Bisnis.com, JAKARTA — Asosiasi Pengusaha Indonesia (Apindo) meminta pengusaha dan pemerintah untuk fokus pada antisipasi dan memperkuat kebijakan dalam negeri, meskipun perang dagang Amerika Serikat (AS) dan China telah mereda.
Ketua Umum Apindo Shinta W. Kamdani menyebut bahwa tidak ada kepastian dan keputusan final dari kondisi perang dagang saat ini. Sebab, dia melihat baik AS maupun China masih dapat mengubah keputusan dan kebijakan negaranya.
"Jadi kalau menurut saya, kita juga jangan terlalu tergantung dengan kesepakatan-kesepakatan yang belum jelas," kata Shinta dalam konferensi pers Apindo, Selasa (13/5/2025).
Untuk itu, menurut Shinta, Indonesia harus fokus menurunkan tarif resiprokal yang diterapkan AS atas barang asal Indonesia sebesar 32%, meskipun pemberlakuannya masih ditunda dalam 3 bulan ke depan.
Pihaknya juga masih ikut berupaya agar negosiasi AS-RI untuk penurunan tarif atau bahkan dihilangkan tarifnya dapat terwujud. Namun, Indonesia juga tetap harus mewaspadai jika AS tetap menerapkan tarif tinggi untuk seluruh negara.
"Tapi mengantisipasi bahwa Amerika dan China ini. Bayangin saja, dari 145% bisa turun all the way ke 30%. Jadi mungkin saja ini semua cuma strategi Trump, bisa-bisa akhirnya semua negara cuma kedapatan 10%, bisa juga gitu ya," tuturnya.
Baca Juga
Dalam hal ini, Shinta menyoroti kebijakan dan pengamanan pasar dalam negeri. Sebab, konsumsi rumah tanggan yang paling berkontribusi terhadap ekonomi nasional saat ini, bukan ekspor.
Di tengah tantangan, Apindo meilhat Indonesia masih memiliki peluang untuk merebut pangsa pasar ekspor di Amerika Serikat, terutama untuk produk pakaian dan alas kaki.
Sebab, penerapan tarif tinggi oleh AS terhadap produk dari Tiongkok (145%), Vietnam (46%), dan Bangladesh (37%) membuka celah bagi Indonesia yang tarifnya relatif lebih rendah (32%). Misalnya, Indonesia menyumbang 4,9% dari impor pakaian rajutan AS, masih jauh di bawah Tiongkok (22%) dan Vietnam (18%).
Hal serupa juga terjadi di segmen alas kaki, di mana Indonesia menguasai 9% pasar AS, lebih rendah dibanding Tiongkok (36%) dan Vietnam (32%). "Ini menandakan ruang pertumbuhan yang dimanfaatkan melalui kebijakan yang mendukung peningkatan daya saing dan penguatan akses pasar," ujarnya.

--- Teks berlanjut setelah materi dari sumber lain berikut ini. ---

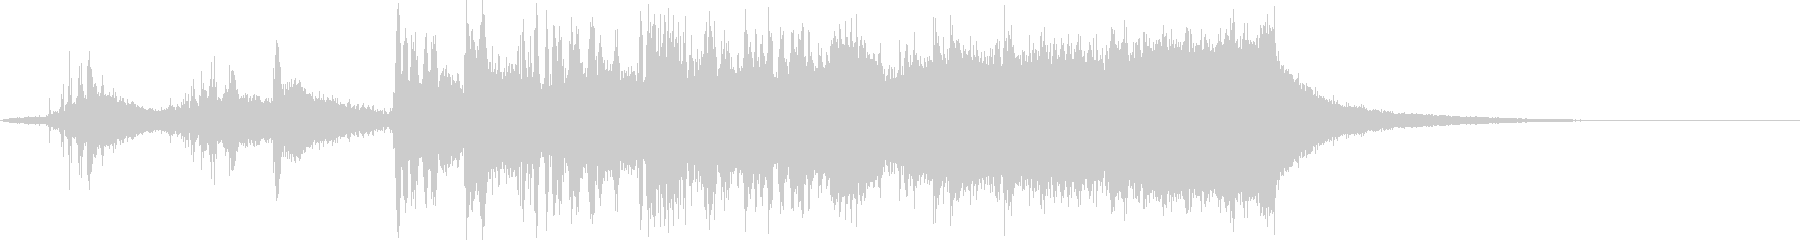 CINEMATIC RISER_35の未再生の波形
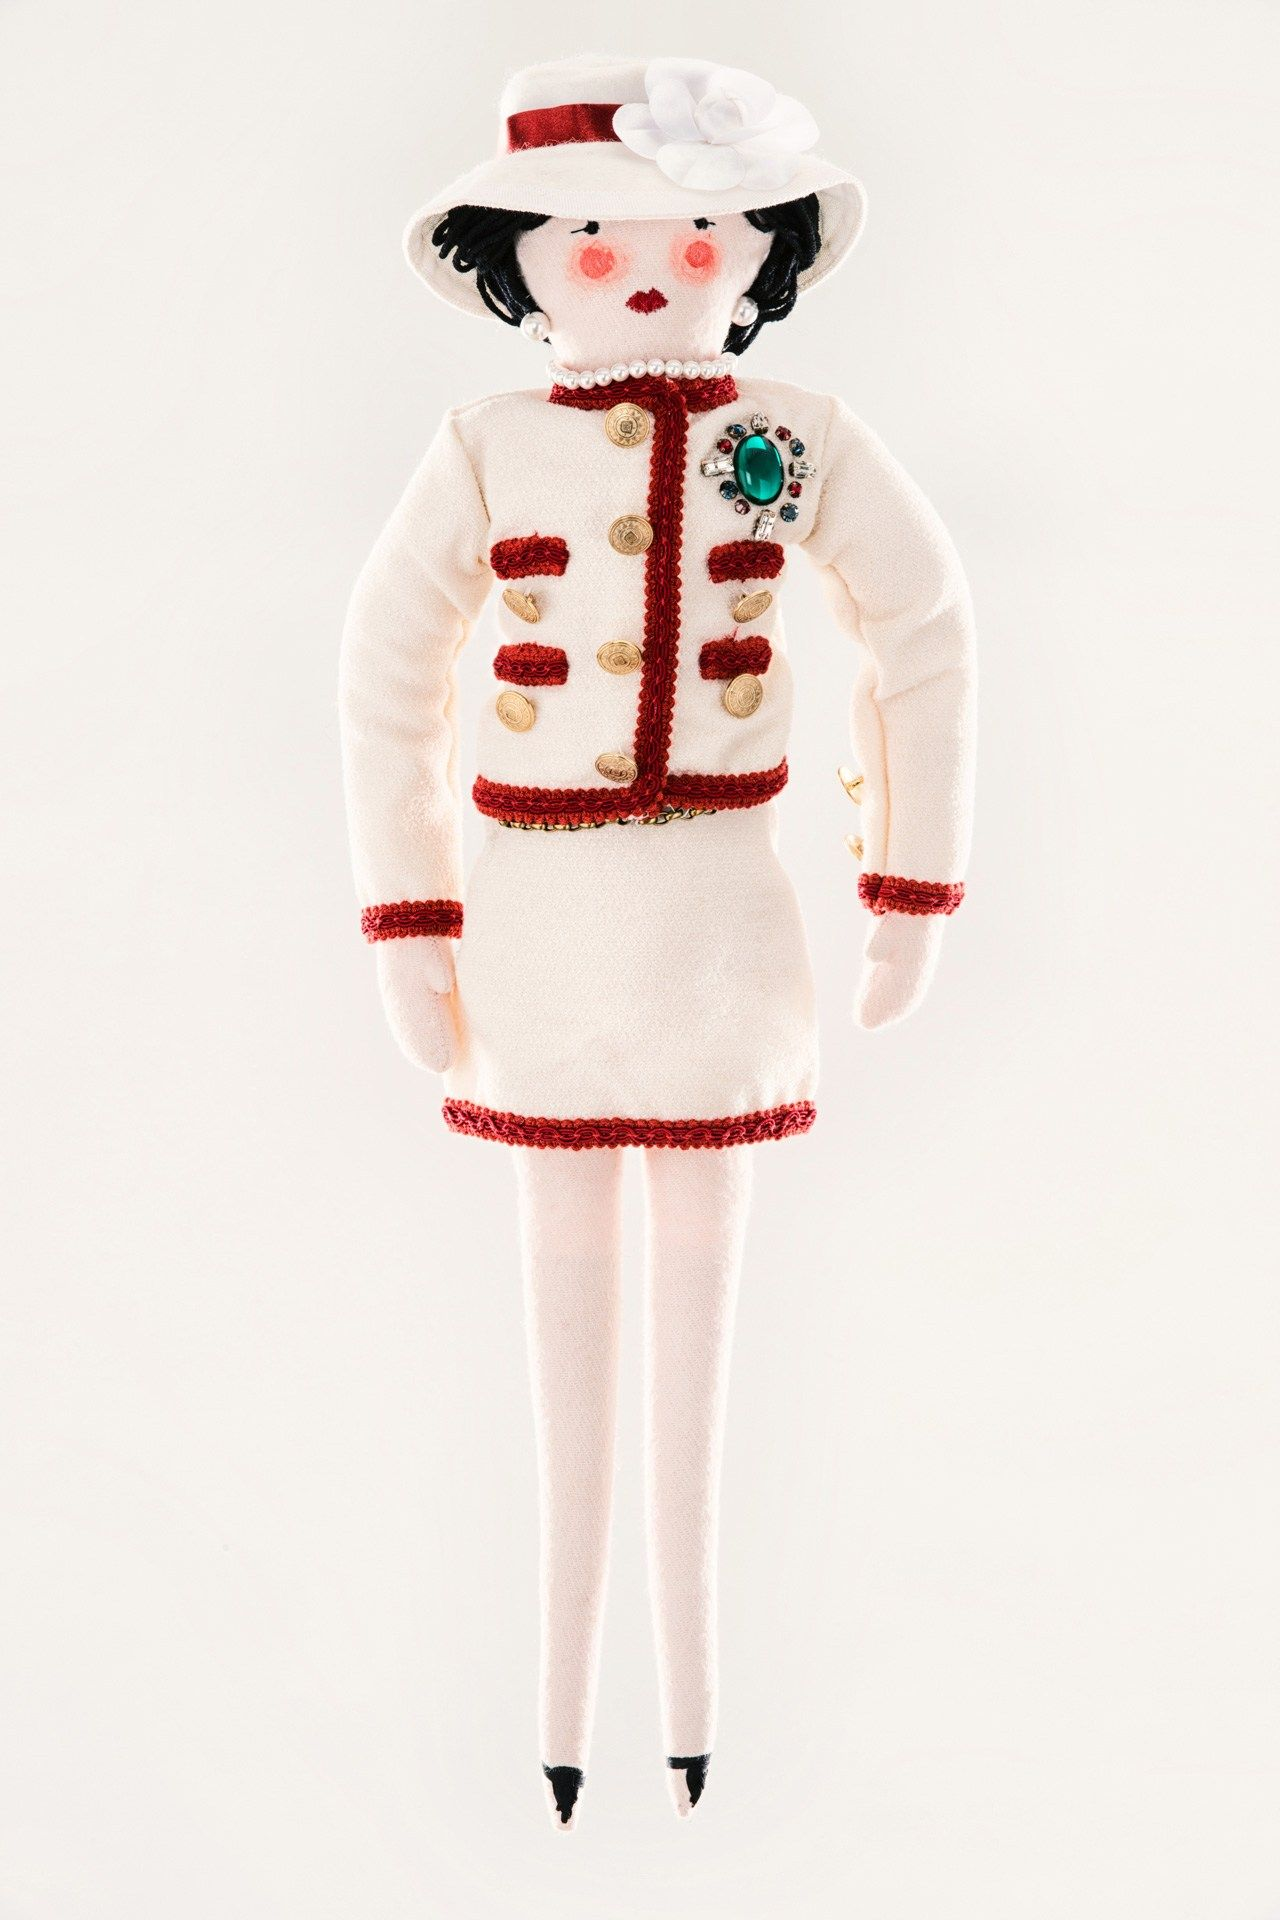 Meet The World's Most Stylish Dolls

Dalam menghadapi dampak perang dagang AS–Tiongkok, pihaknya telah menyampaikan sejumlah usulan respons cepat (immediate responses) kepada pemerintah, baik melalui forum formal seperti Sarasehan Ekonomi bersama Presiden RI dan Kemenko Perekonomian, maupun secara tertulis.
Pertama, Apindo mendorong pengurangan defisit perdagangan dengan AS melalu peningkatan impor komoditas tertentu dari AS yang tidak mengganggu industri dalam negeri, seperti kapas, kedelai, produk susu, jagung, gandum, etanol, LPG, dan crude oil.
Kedua, penguatan hubungan dagang strategis dengan AS perlu terus diintensifkan, termasuk melalui mekanisme seperti TIFA, limited trade deal, dan kerja sama tematik di sektor energi, mineral kritis, serta farmasi.
Ketiga, Apindo menilai pentingnya ekspansi pasar ke kawasan potensial seperti Asean, Timur Tengah, Amerika Latin, dan Afrika, serta optimalisasi berbagai perjanjian dagang bilateral, regional, dan multilateral seperti PTA, FTA, CEPA, ASEAN+1, RCEP, dan percepatan penyelesaian IEU–CEPA dan I–EAEU CEPA.
Keempat, pemerintah perlumenurunkan hambatan non-tarif seperti persyaratan local content, sertifikasi halal, dan izin impor.
Terakhir, pengamanan pasar domestik menjadi krusial dengan memperkuat mekanisme trade remedies seperti anti-dumping, countervailing duties, dan safeguard measures untuk mencegah limpahan barang murah dari negara yang terdampak tarif AS, terutama China, yang berisiko merusak harga dan menciptakan persaingan tidak sehat.